Jet’s strategy and tactics for creating customer discounts were unique and predicated on the idea that the startup would eventually have enough inventory in enough supplier warehouses that when customers placed large orders, they could be fulfilled out of a single warehouse, bringing packing and shipping costs down. All the startup really needed, Lore stressed repeatedly, was enough advertising money to attract enough customers, which would in turn attract the brands and retailers needed behind the scenes to fulfill the startup’s inventory needs and, thus, its discounting strategy.
“It’s just math,” he would often say. Amazon and Jeff Bezos were famous in business circles for the idea of the flywheel, and Lore believed Jet could create its own, substituting express shipping speeds in exchange for the lowest prices on the web.
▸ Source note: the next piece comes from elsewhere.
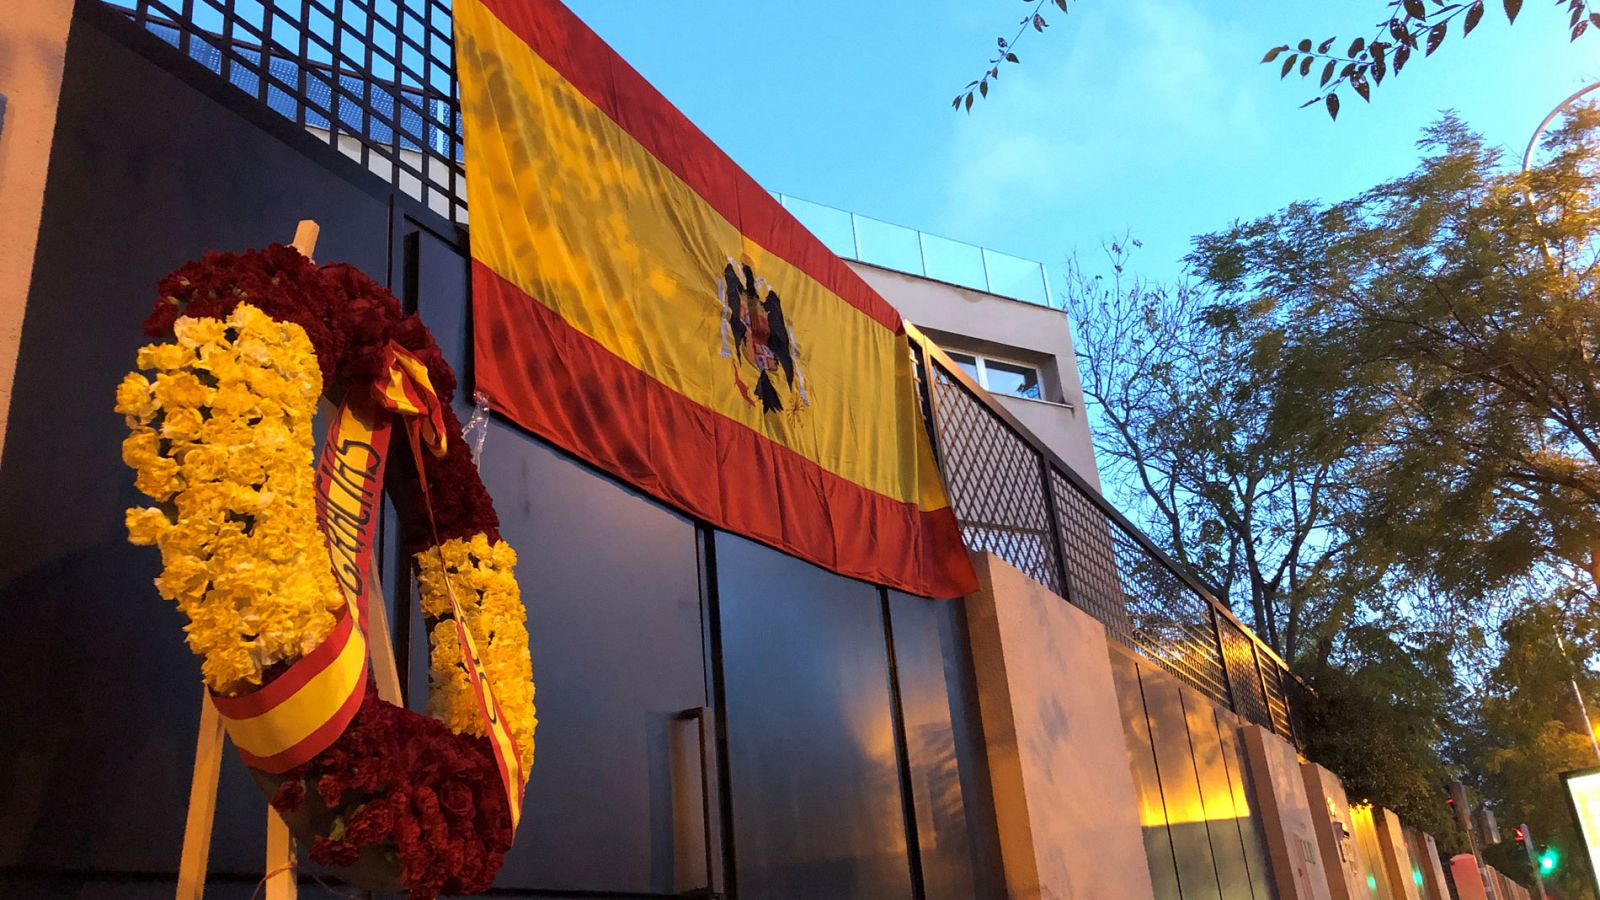 Exhumación Franco: Francis Franco coloca la bandera preconstitucional de España en su oficina antes de la exhumación

With impressive sales numbers after Jet’s July launch, Lore received interest from private equity investors with a similar message to the founder: we need you to get bigger, fast.
Lore knew Jet would have to raise hundreds of millions, if not billions more anyway to reach its full potential, so he wanted to take advantage of this opportunity. But that would mean a drastic shift in how quickly the startup’s sales would need to grow. Jet execs had been projecting that the startup would hit an annualized run rate of $1 billion in gross sales eighteen months after launch. But because of this investor interest, plus early momentum among customers, Lore slashed that timeline to ten months. Bezos would have been proud.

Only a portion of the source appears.